About various subjects raised by protestors:

Background on LRDP

. The faculty-comprised Strategic Futures Committee recommended in 2003 that the campus plan for the possibility of growth to 21,000 students by the year 2020. UCSC's 2005 Long-Range Development Plan (LRDP) was prepared in response to this recommendation. This potential growth, later reduced, was designed to serve the state by fostering the campus's academic development and increasing student capacity.

. The enrollment level-established as ceiling in the LRDP and used for environmental analysis in the EIR-was reduced to 19,500 by then Acting Chancellor Blumenthal. This was done in response to campus and community concerns about the impact of UCSC growth and in consultation with UCSC's Academic Senate. UC Regents approved this revised LRDP.

. The 2005 LRDP does not mandate that the campus grow by 4,500 students to a total of 19,500 in the 15 years leading up to 2020. Instead, the LRDP prepares the campus to anticipate the enrollment and workforce needs of a growing state population; the planning document provides a general physical blueprint for that level of growth should campus expansion be needed to serve future California students and fulfill the state's educational mission.

. The 2005 LRDP does not, as suggested, mandate development of 120 acres north of the existing campus core. Approximately 50 of the 120 acres mentioned are located in the existing campus core. If the Biomedical Research Facility is built, it would be constructed on 3 of those 50 acres. (These three acres are currently the site of two parking lots). In the 2005 LRDP, the remaining area-approximately 70 acres-are located north of the existing campus core. This acreage has been reduced from prior LRDPs-going back to the first one, in 1963.

. In the 2005 LRDP, existing and potential development would require approximately 75 fewer acres than was so designated in the previous LRDP (1988). The 2005 LRDP also designates approximately 250 more acres of open space than the previous plan did.

Student involvement in the LRDP process

. The process for producing an updated LRDP began in 2003, before many of today's students enrolled at UCSC. To suggest that students were not involved in the plan's creation is inaccurate. Students served on campus LRDP committees and produced a "student involvement" paper that presented their perspectives.

State investment in science and non-science fields

. Contrary to suggestions made by protestors, the Biomedical building-like all other academic buildings on this campus-is paid for by state funds (taxpayer dollars). State bond funds also have provided planning and construction money for the:

- Humanities and Social Sciences Facility, which opened last year, providing 51,140 asf of instructional and office space.

- Digital Arts Facility, now under construction to provide 27,000 asq of studio, instructional, and research space.

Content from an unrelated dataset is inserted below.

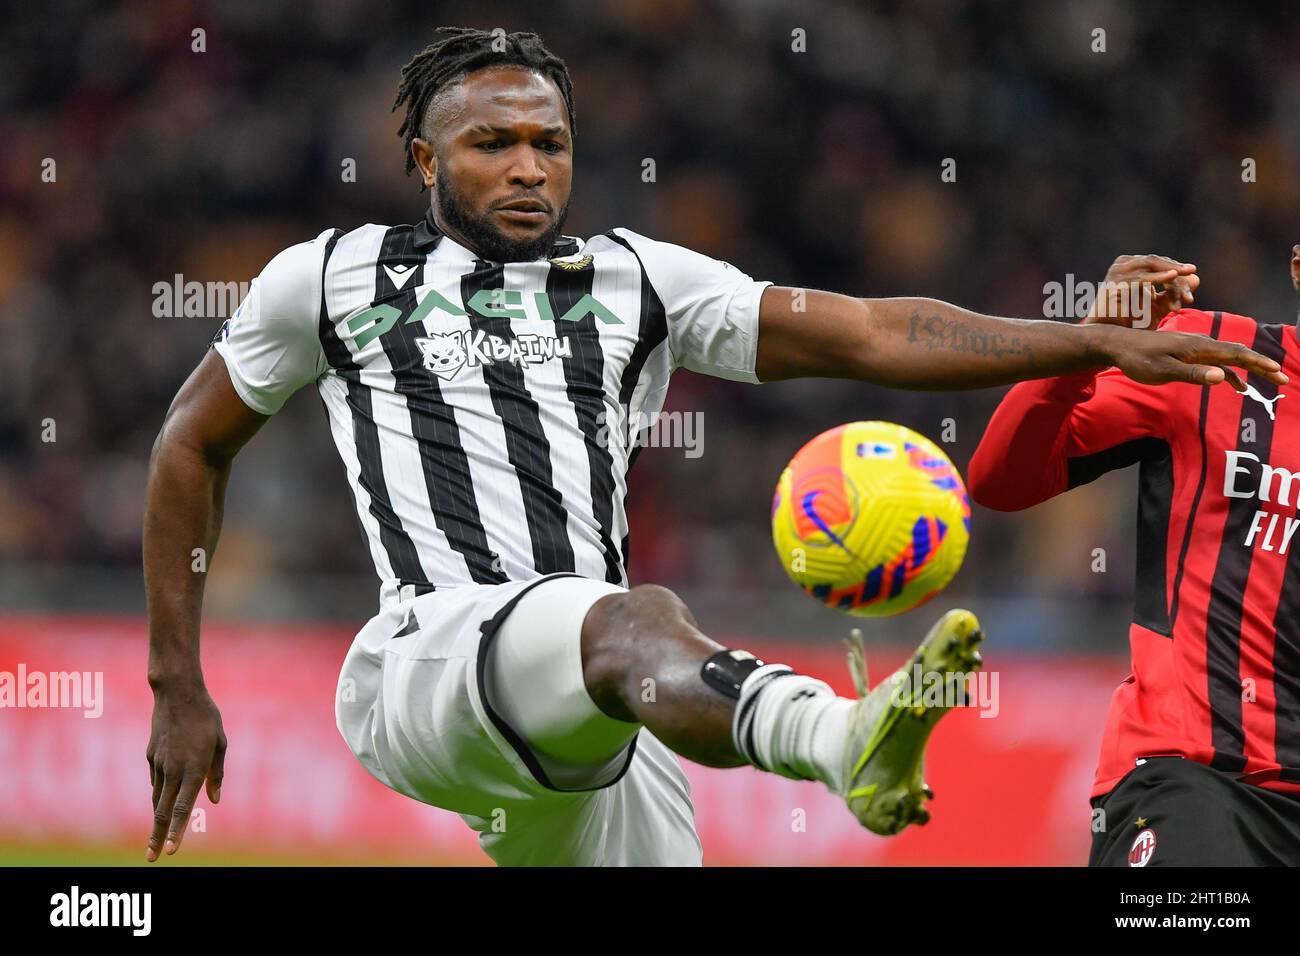 Milano, Italy. 25th Feb, 2022. Isaac Success (7) of Udinese seen in the  Serie A match between AC Milan and Udinese at San Siro in Milano. (Photo  Credit: Gonzales Photo/Alamy Live News

- McHenry Library Addition, under construction to provide space for a growing collection of print and electronic materials in the humanities, social sciences, the arts, and special collections-and an infrastructure to give students and faculty access to electronic resources and services.

Information on Biomedical Sciences Facility

. The environmental review for this building was conducted under the auspices of the 2005 LRDP. Because the 2005 LRDP has been stalled by litigation, the campus has no current timetable for construction of the Biomedical building.

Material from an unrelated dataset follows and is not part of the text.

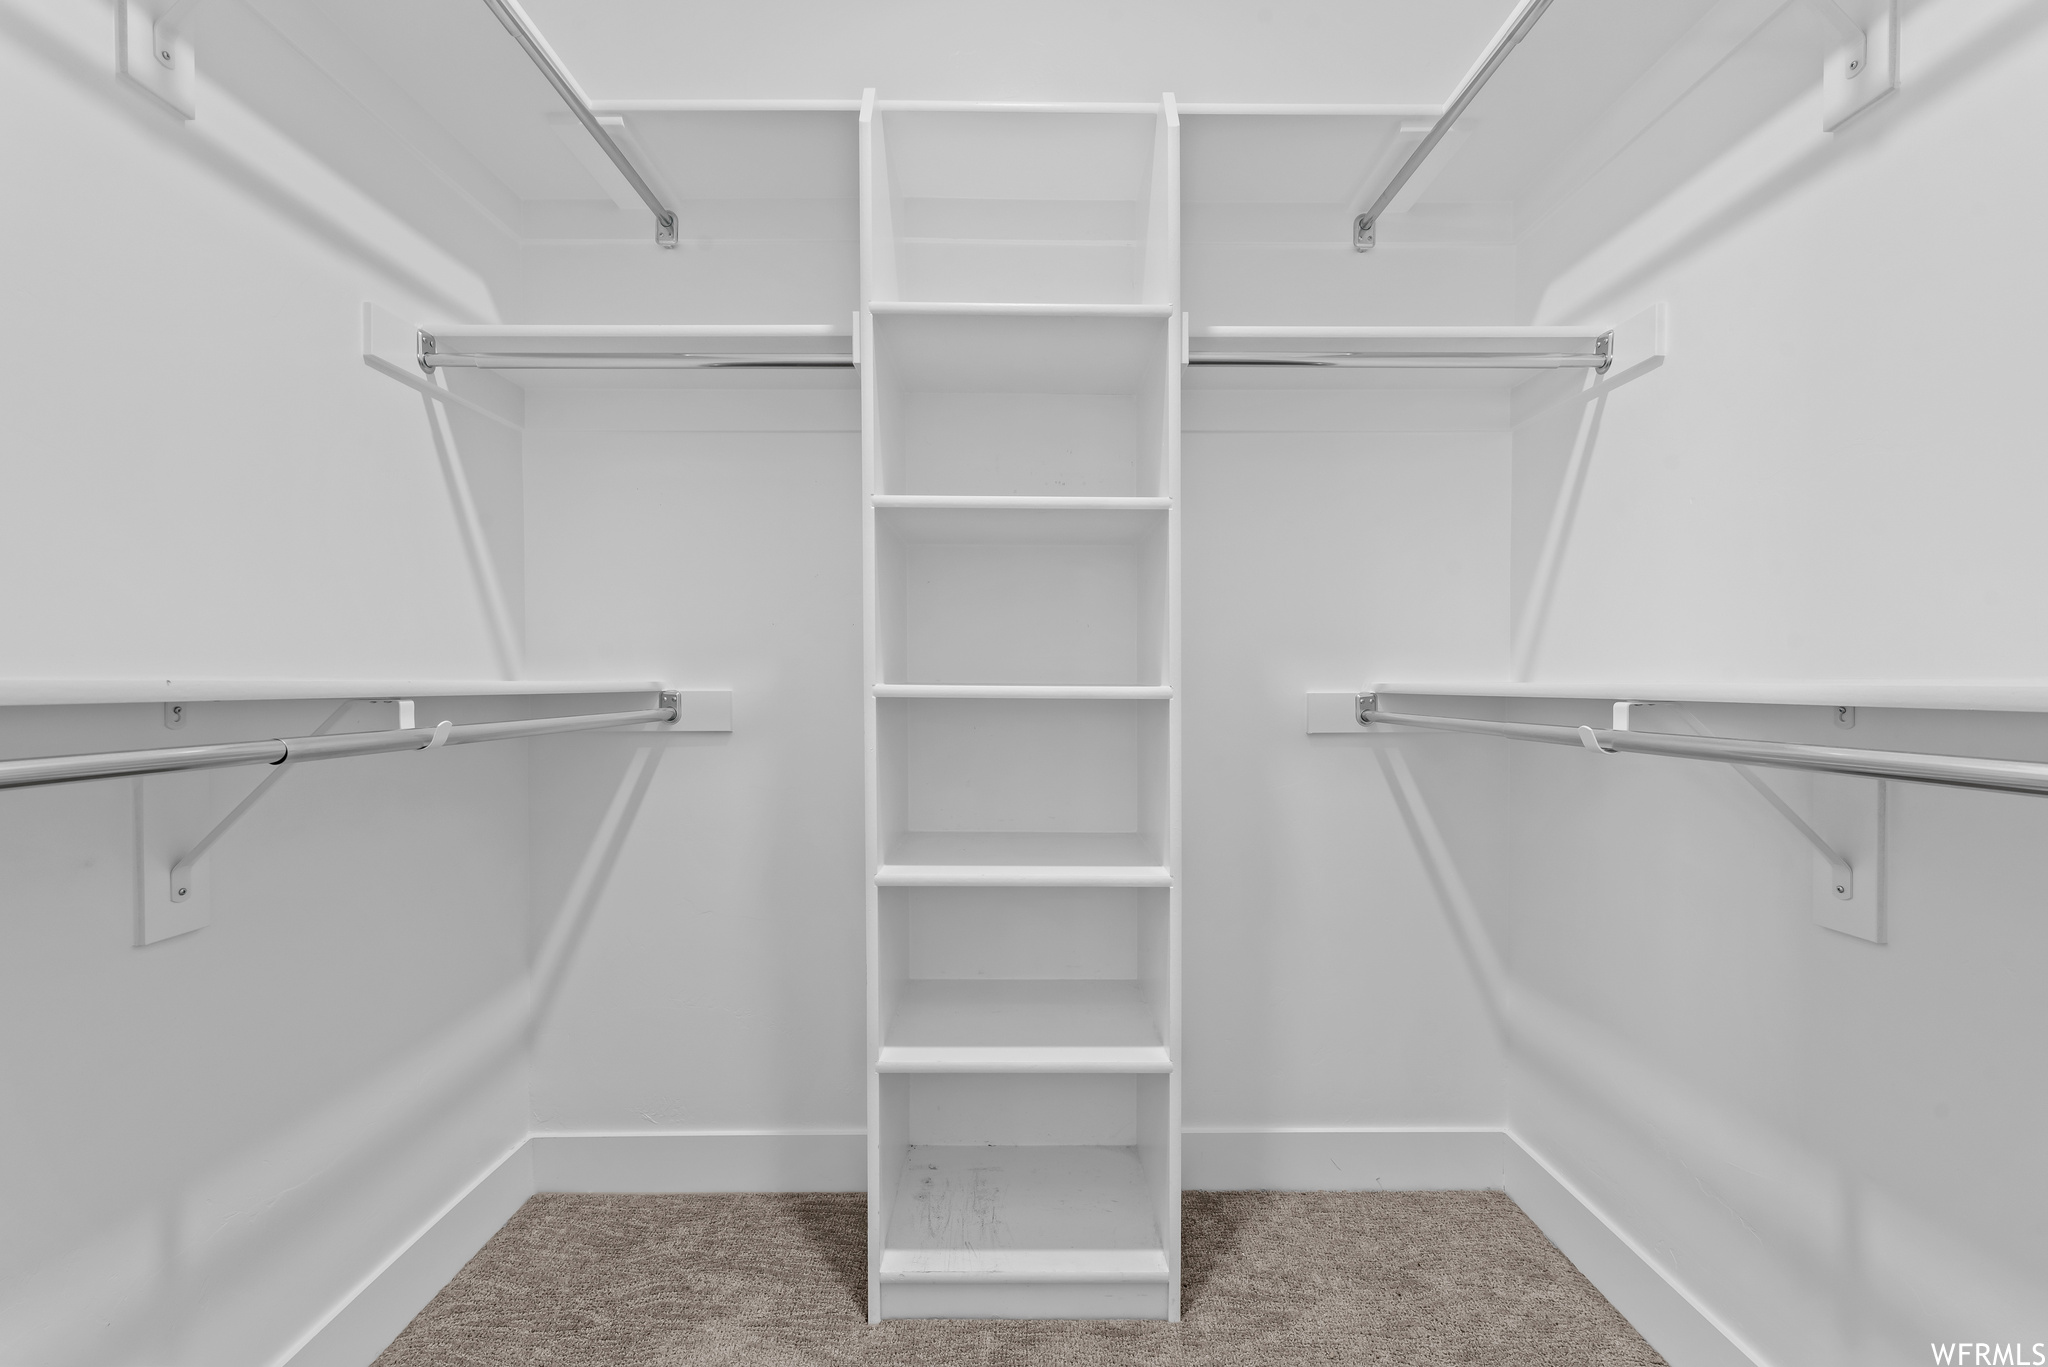 downstairs bedrooms sport large walk in closets

. Community leaders, even some critics of UCSC's LRDP, believe that the Biomedical Sciences Facility will not only serve our students but generate meaningful research in areas such as public health and provide economic opportunities in biotechnology research in the Santa Cruz area.

. A research building, such as this one, provides opportunities for undergraduates and graduate students to participate in research and scholarly activities. Such facilities are essential for recruiting outstanding faculty, expanding programs such as UCSC's undergraduate major in health sciences, and attracting graduate students who will help meet the state's need for highly trained professionals.